На луговине молодая игреняя матка, натешившись радостью с карим жеребцом, перебирала зубами его гриву, а он выгибал шею в предчувствии любовного жара.

— Жить все хотят, да чем кормить?

— Да чем же лошади провинились перед нами, чтобы утеснять их с каждым годом?! Кормов, видите, не хватает. А на бросовых сугорках почему не косить? На тех же лошадях. Выносливы, потянут косилки, угнут головы…

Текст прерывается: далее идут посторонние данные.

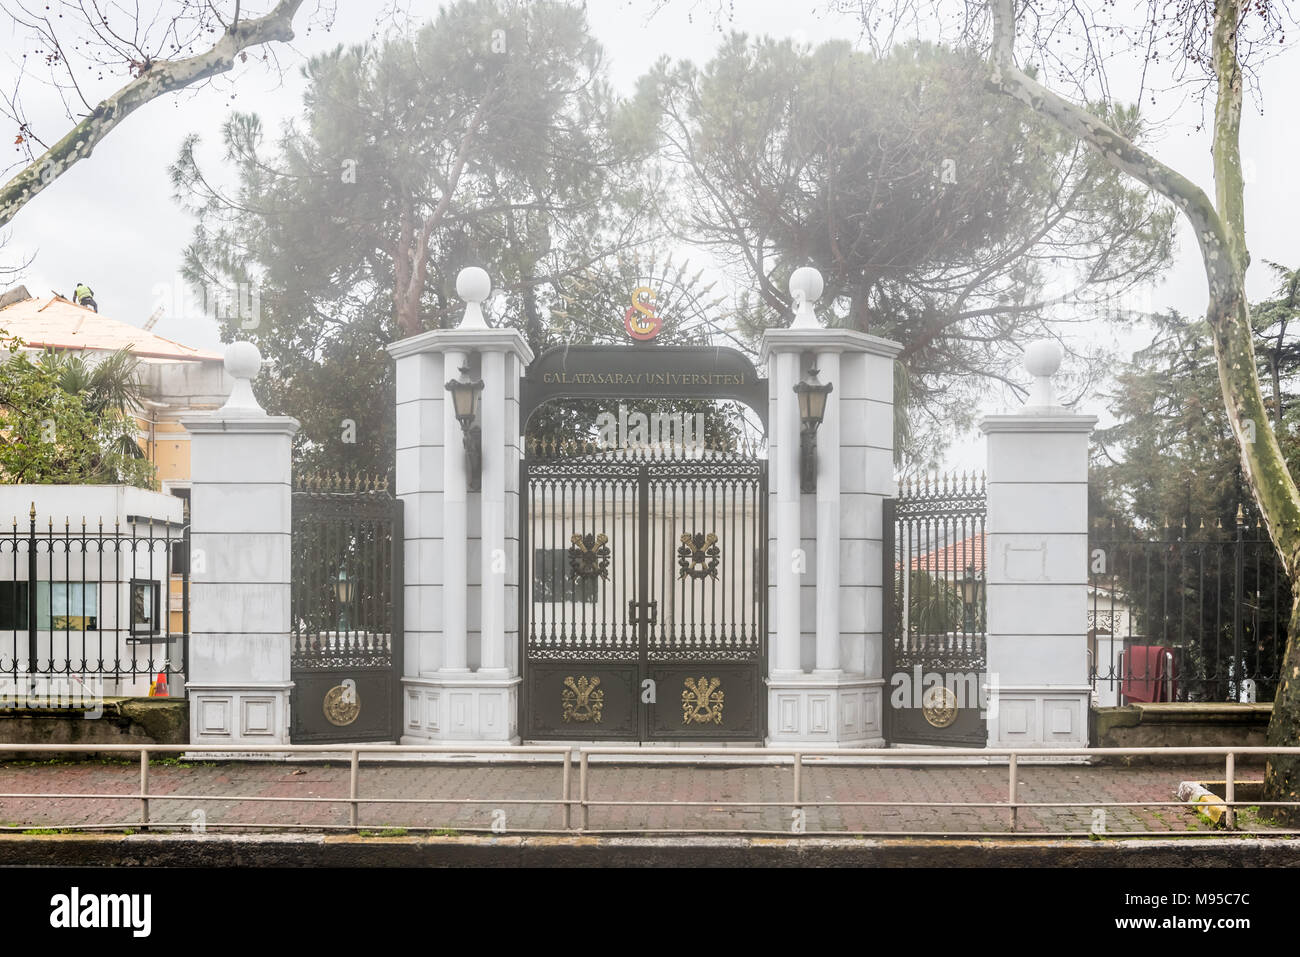 Gate of old ancient Galatasaray University in Besiktas,Istanbul,Turkey.03 January 2018 Stock Photo

— Друг мой (сам удивляюсь: привязался к тебе), я понимаю тебя, понимаю Ахмета, овчаров, зерновиков… Никого обижать не хочется… Мечты! Хлеба густые, колосья с воробья, положи коробку спичек на колосья — не упадет… Коровы пасутся на сочных лугах, глядят на тебя очами, как царицы… Овцам корма невпроед… Косяки лошадей резвятся на залежных землях — всем есть место, всем радостно на потомство свое глядеть. («Только мне за какие-то грехи отказано в этой радости… будь ты неладная, судьба моя жестокая! Да что это меня так развозит?») Все я понимаю! А жизнь-то урезает у всех понемногу. («А у меня все отхватила!») Да, моими руками урезает, теснит моими плечами… Вот и пойми меня, парень, загляни в мою «злодейскую душу». Я распахал почти все, по моей вине затянуло щучье озеро, исчезали дудаки, стрепеты, скоро жаворонку негде будет гнездовать… Ругают меня, а хлеб едят, молоко пьют… Все умны, сыты и правы. Во все времена виноват хлебороб — то недокормил, то обкормил. («Занесло меня в объятия Фили. Стоп!») Знаю, шуметь не будешь, к начальству не побежишь доказывать лошадиную правду. Будешь злиться на меня. А я все стерплю. Привык. Бьют в меня четыре грозы — молнии, а из меня выходит одна, а те огненные жгутами ворочаются под сердцем, — Мефодий холодно засмеялся, печалясь глазами, — Ванькины это слова о молниях, только в него, видишь ли, сто молний хлещут, а я, по своей скромности, принимаю лишь четыре… Но все равно палит внутри. Иван и от тысячи не загорится, и ничего в нем не держится, он просто сопатый… и злой.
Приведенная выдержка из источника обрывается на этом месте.